На варгане играть и читать...

Иначе создается народный колорит в другой «удивительной песне» Некрасова — «Огородник» (1846). В этом лирическом повествовании о недолгой любви «хозяйской дочери» и простого крестьянина звучит та же мысль, что и в стихотворении «В дороге» — мысль о несовместимости человеческого счастья с противоестественными отношениями социального неравенства. Но в «Огороднике» тягостная мысль смягчается песенной интонацией, оставляющим впечатление приволья четырехстопным анапестом. Это первый лирический опыт Некрасова в освоении фольклора. К.И. Чуковский отметил приемы, которые использует поэт, стремясь воссоздать народно-песенный колорит: «Тут и отрицательные параллелизмы:

Не гулял с кистенем я в дремучем лесу,

Не лежал я во рву в непроглядную ночь...

Тут и двойные слова, свойственные песенному стилю: “я давал, не давал”, “расплетал-заплетал”, “круглолиц-белолиц”, “целовал-миловал”, “мужику-вахлаку” и т. д. ...Тут и такие фольклорные постоянные эпитеты, как “ясны очи”, “белая рученька”, “золотой перстенек”, “буйная голова”, “кудри — чесаный лен”, “краса-девица”, “словно сокол гляжу” и т. д.».

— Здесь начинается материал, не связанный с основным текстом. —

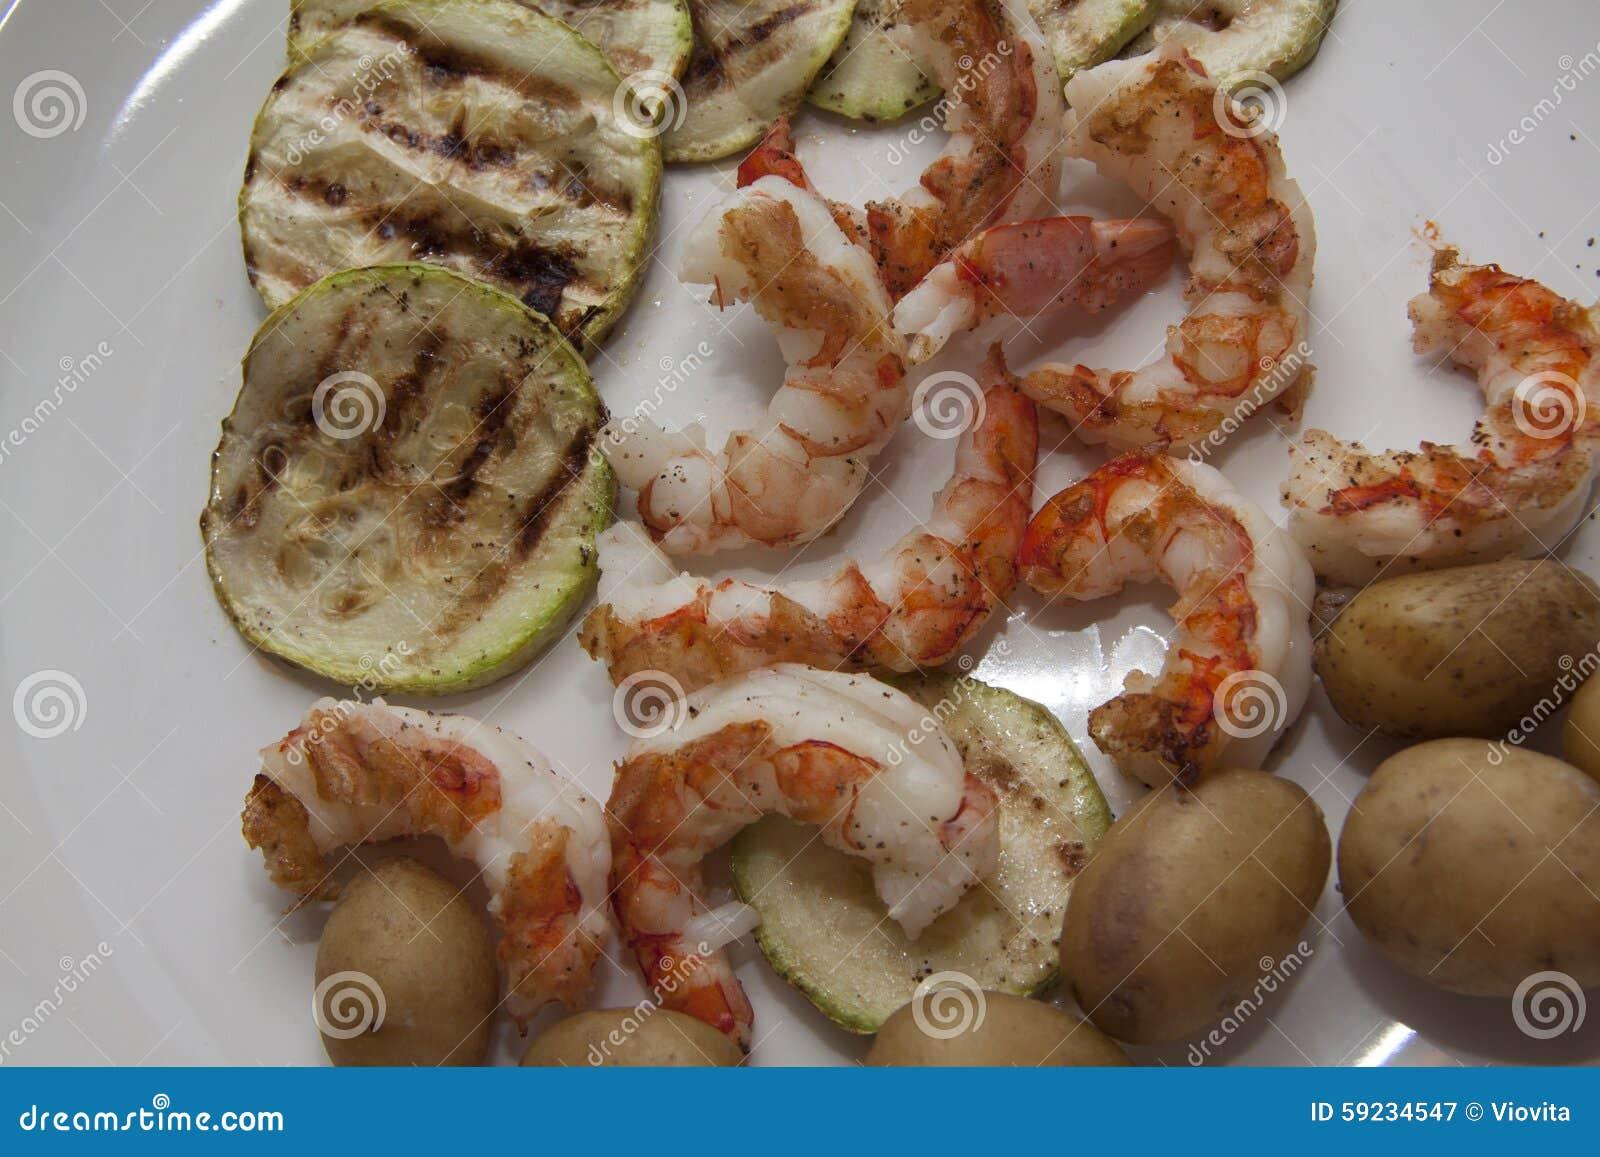 Download Calabacín, Patata En Las Gambas Imagen de archivo - Imagen de variedad, gambas: 59234547

Лирика Некрасова и в будущем постоянно обнаруживает тяготение к устному народному творчеству. В этом отношении поэту удается достичь художественного совершенства («Дума», « Зеленый шум », « Орина мать солдатская », цикл « Песни » и др.). Но и в стихи, далекие от крестьянской темы, так или иначе входит столь любимая Некрасовым простонародная речь. Даже в пору смертельного недуга говорить о своем душевном состоянии поэту помогает фольклор:

Я примеру русского народа Верен: «В горе жить —

Некручинну быть» —

И, больной работая полгода,

Я трудом смягчаю мой недуг...

Как пишет К.И. Чуковский, собственный стиль Некрасова так часто переходил в народный и наоборот, что их почти невозможно разграничить. Еще ярче эта особенность проявилась в предреформенные 50-е годы.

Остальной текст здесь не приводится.